- _Given data_:
————

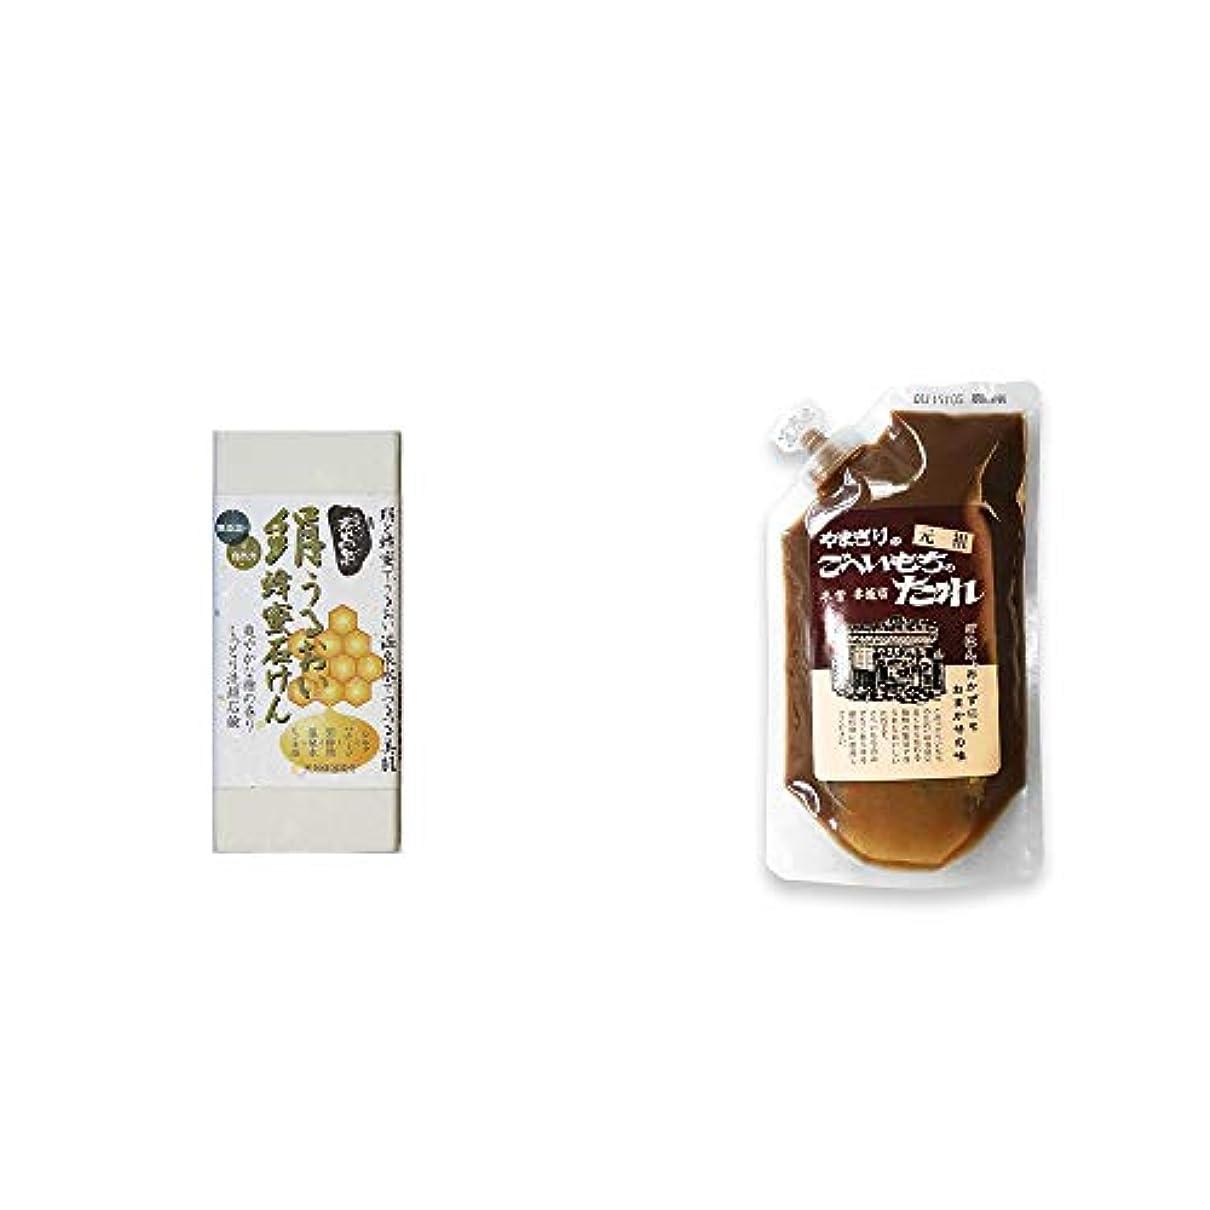 添加剤発生器細い[2点セット] ひのき炭黒泉 絹うるおい蜂蜜石けん(75g×2)?妻籠宿 やまぎり食堂 ごへい餅のたれ(250g)
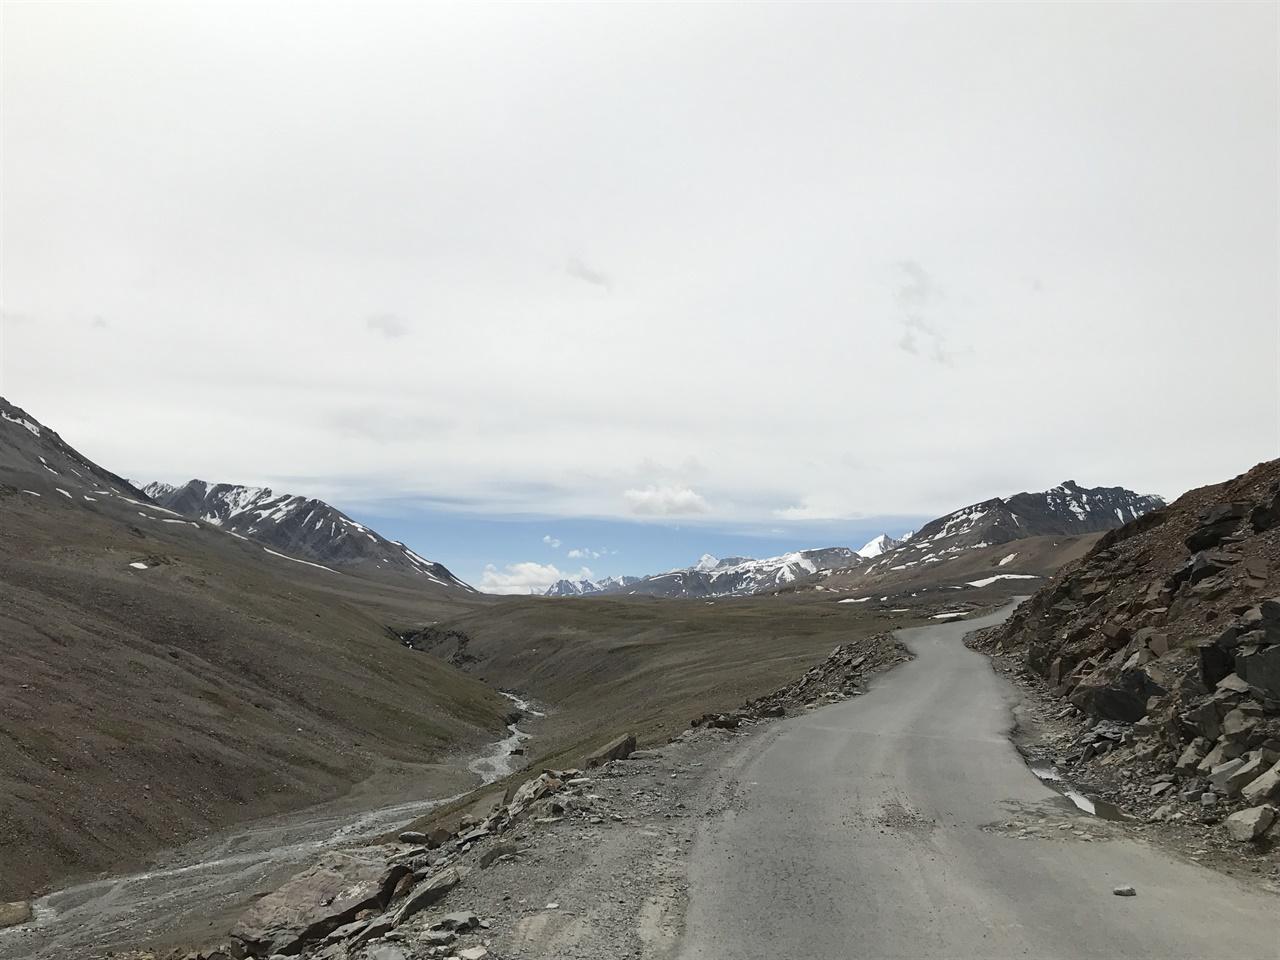 절벽 옆으로 이어진 도로
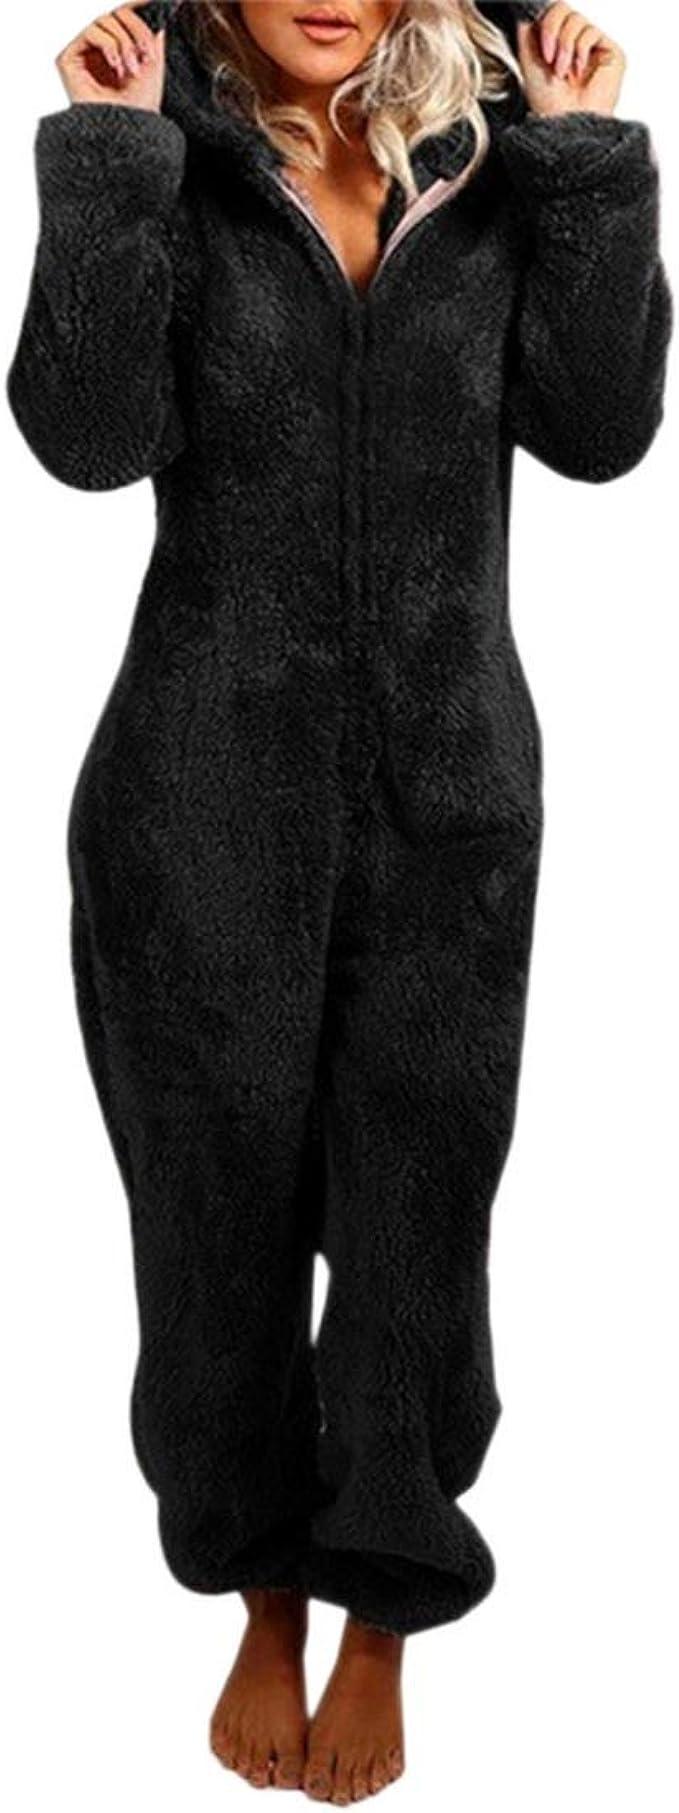 Westkun Unisexe Flanelle Lounge Peignoir Blouse Complet Zipper Longs Manteaux Pyjamas V/êtements de Nuit pour Homme et Femme

————

- _Exercise instructions_: Only the pictures are to be left out; repeat all other material exactly.

- _Your response_:
 添加剤発生器細い[2点セット] ひのき炭黒泉 絹うるおい蜂蜜石けん(75g×2)?妻籠宿 やまぎり食堂 ごへい餅のたれ(250g)
 절벽 옆으로 이어진 도로
 Westkun Unisexe Flanelle Lounge Peignoir Blouse Complet Zipper Longs Manteaux Pyjamas V/êtements de Nuit pour Homme et Femme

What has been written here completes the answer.